1. Field of the Invention
The invention relates to annular friction and seal devices to be placed around the impeller blades of a gas turbine or high pressure axial compressor stage. For example, in a stator-and-rotor machine, around the impeller blade system defining the hot gas stream. More specifically, it concerns such a device in association with means for cooling the friction seal and protecting the stator from the heat of the gases in the stream. The device is of the type which comprises successively from periphery to center: a support-ring surrounding the impeller, a first annular, air-permeable layer of material called the "cooling layer" fastened to the support ring, a second annular layer of material called the "friction layer" which is joined to the cooling layer, lies in immediate proximity to the ends of the impeller blades, and can be abraded by these blade ends, and a system for bringing cool air into the cooling layer.
2. Description of the Prior Art
The friction layer usually consists of a porous material (aggregate, felt, foam, perforated plate, etc.) that can be abraded by the ends of the blades. Unless some special arrangement is made, the cooling air passes through this layer and flows at least in part toward the hot gas stream.
The U.S. Pat.
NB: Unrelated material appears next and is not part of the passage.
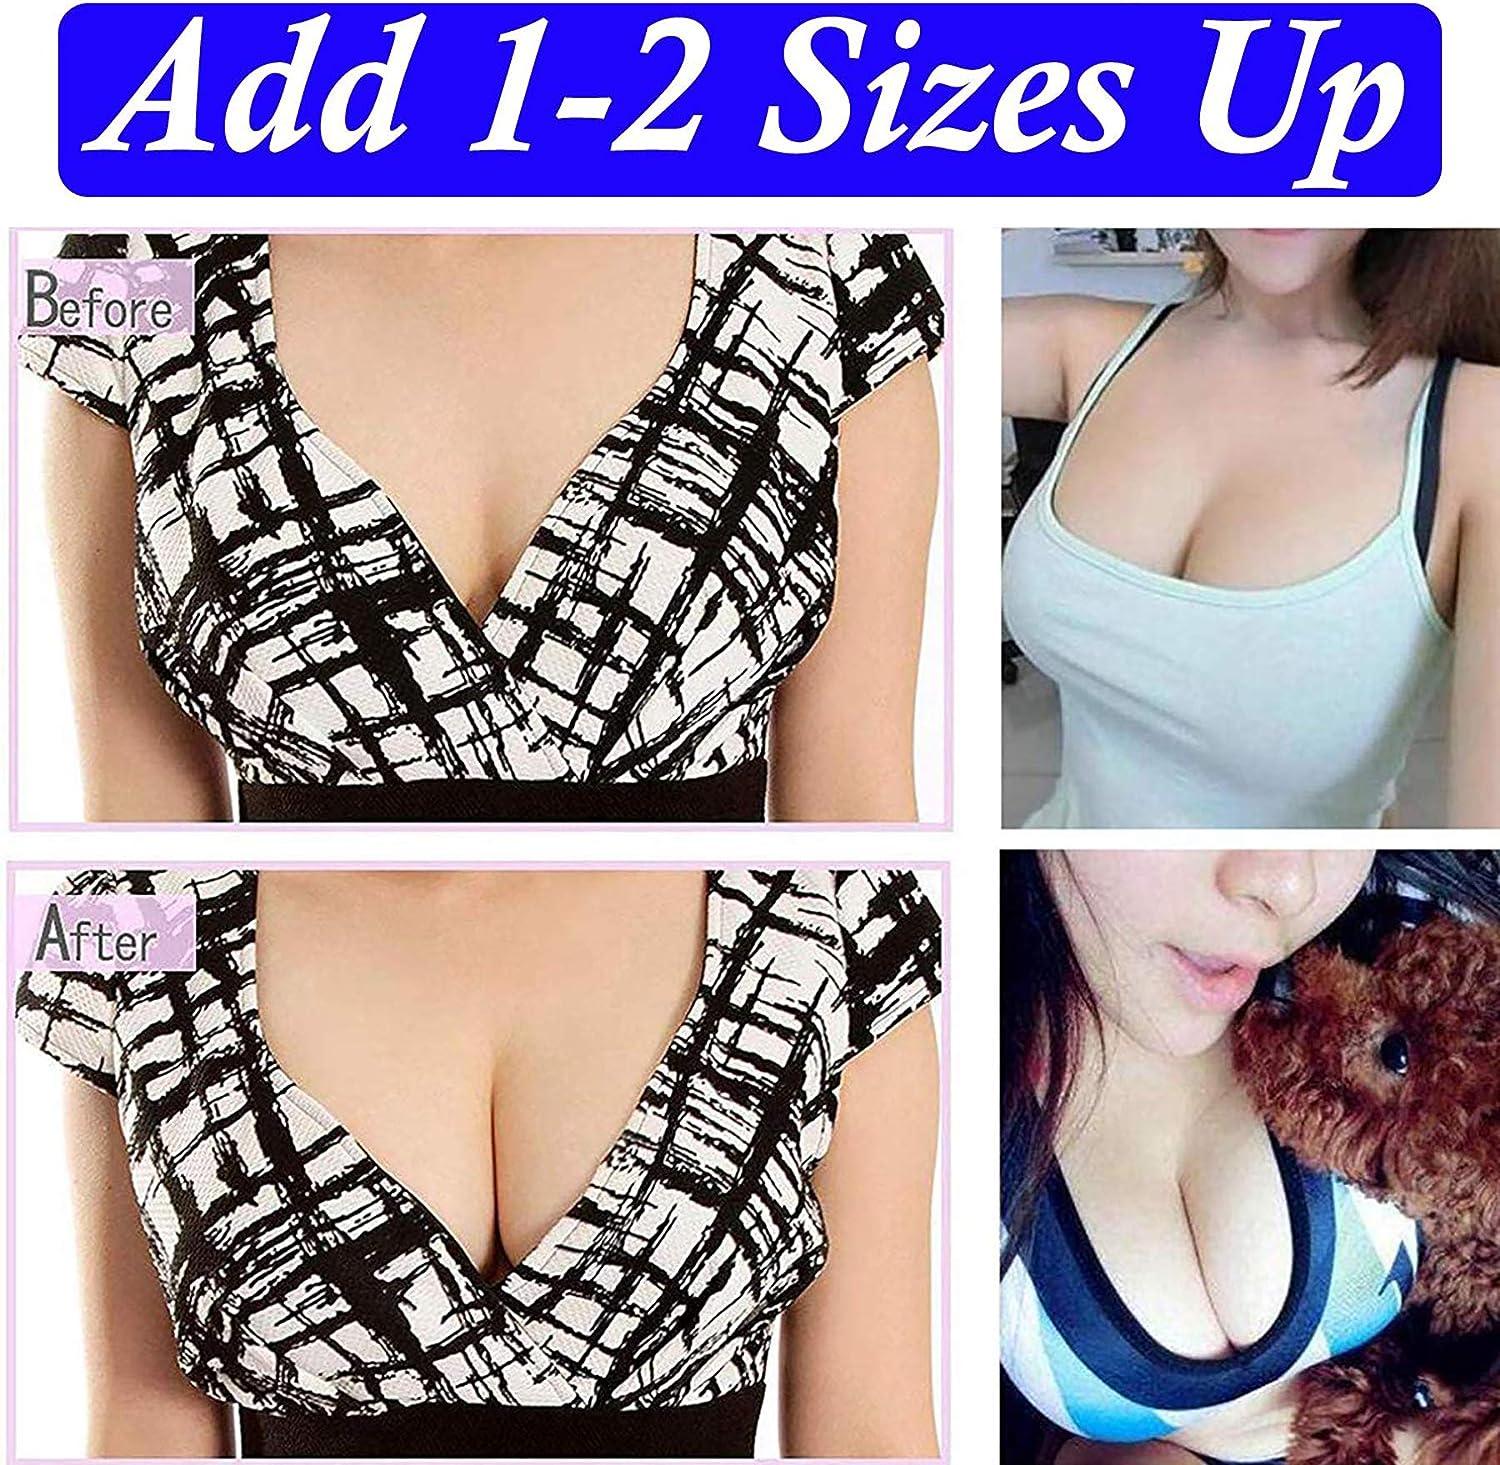 Silicone Chicken Cutlets Bra Inserts - Clear Breast Pads Chest Push Up &  Firming Bust Enhancers Padding for Summer Bikini

No. 4,392,656 Tirole, et al describes a device of this type in which the two annular layers are separated by a middle layer, the permeability of which is such that the radial flow of air which crosses the middle layer is appreciably less than the flow of axial air that crosses the cooling layer.
The middle layer may even be impermeable to air so that the air flows only axially (i.e., in a direction parallel to the axis of the machine) in the cooling layer. All direct interaction between the two layers is eliminated. The friction layer is cooled by thermal conduction toward the cooling layer. This arrangement, intended to keep to seal function of the friction layer independent from the cooling function of the cooling layer (which also protects the support-ring from the heat of the gas stream), makes it possilbe to eliminate the disadvantages inherent in cooled annular friction seal means that are traversed by all or a large part of the flow of cooling air. These disadvantages include the necessity of introducing the cooling air at a pressure appreciably higher than the pressure in the gas stream, the existence within the cooling layer of an axial flow that more or less opposes the radial flow, and the gradual loss of cooling efficiency as the friction zone grows less permeable, which occurs as a result of contamination of the layer by the gases in the stream and "pasting up" of the pores in the surface in contact with the ends of the blade.